Reading object attributes

To retrieve custom object metadata, use phobos getmd:

$ phobos getmd obj0123
cksum=md5:7c28aec5441644094064fcf651ab5e3e,user=foo

Deleting objects

To delete an object, use phobos del[ete]:

phobos del obj0123

WARNING: the object will not be completely removed from the phobos system ie. its data will still exist and be accessible. Thus the object is considered as deprecated and basic operations can no longer be executed on it if its uuid/version is not given.

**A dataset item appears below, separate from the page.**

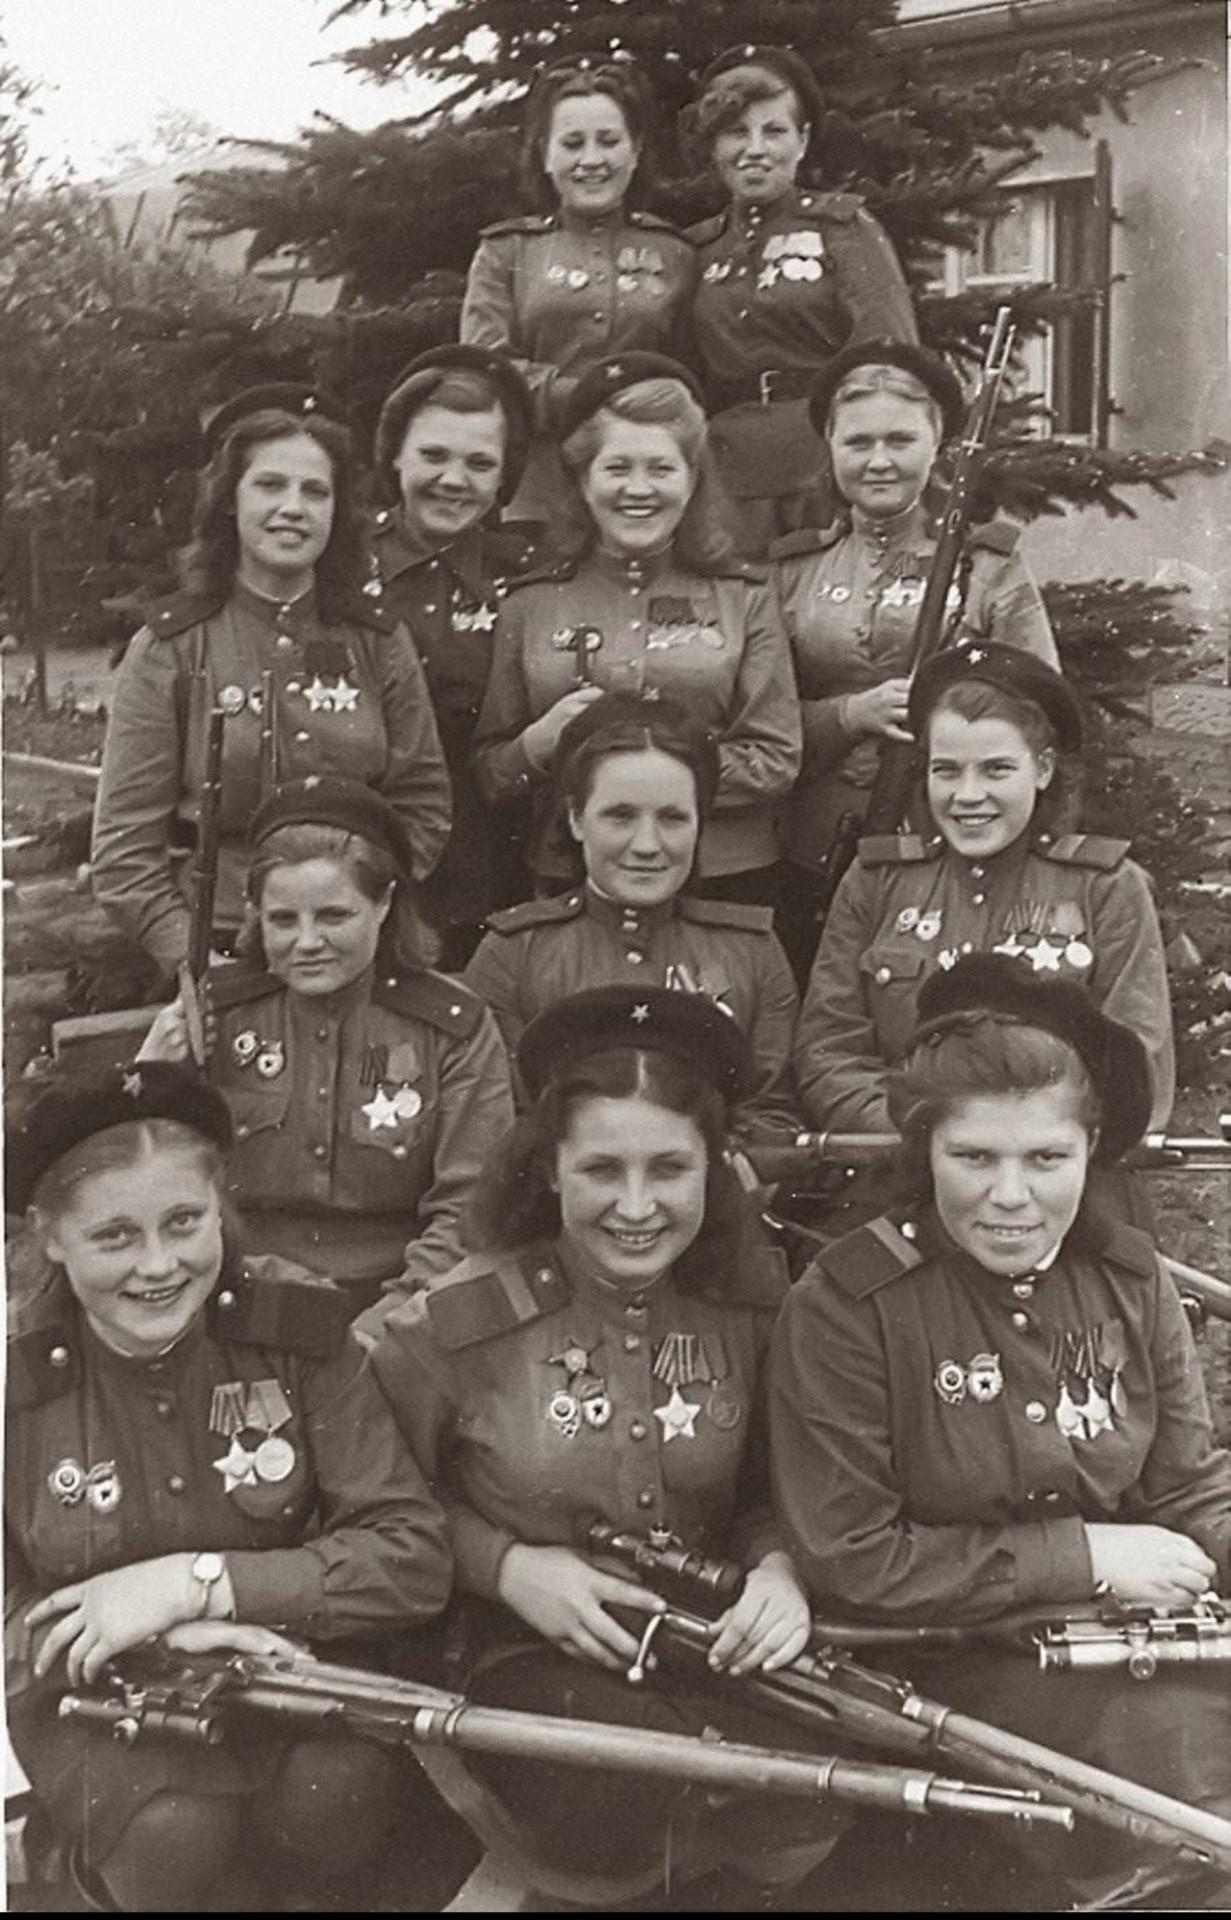 12 советских снайперов, подстреливших 775 немецких солдат во время Второй мировой войны, 1945

A future feature will allow the complete removal of an object.

This deletion can be reverted using phobos undel[ete]:

phobos undel obj0123

To revert an object deletion, the object ID needs not to be used by a living object.

Listing objects

To list objects, use phobos object list:

$ phobos object list --output oid,user_md
| oid   | user_md         |
|-------|-----------------|
| obj01 | {}              |
| obj02 | {"user": "foo"} |

The --output option describes which field will be output. all can be used as a special field to select them all.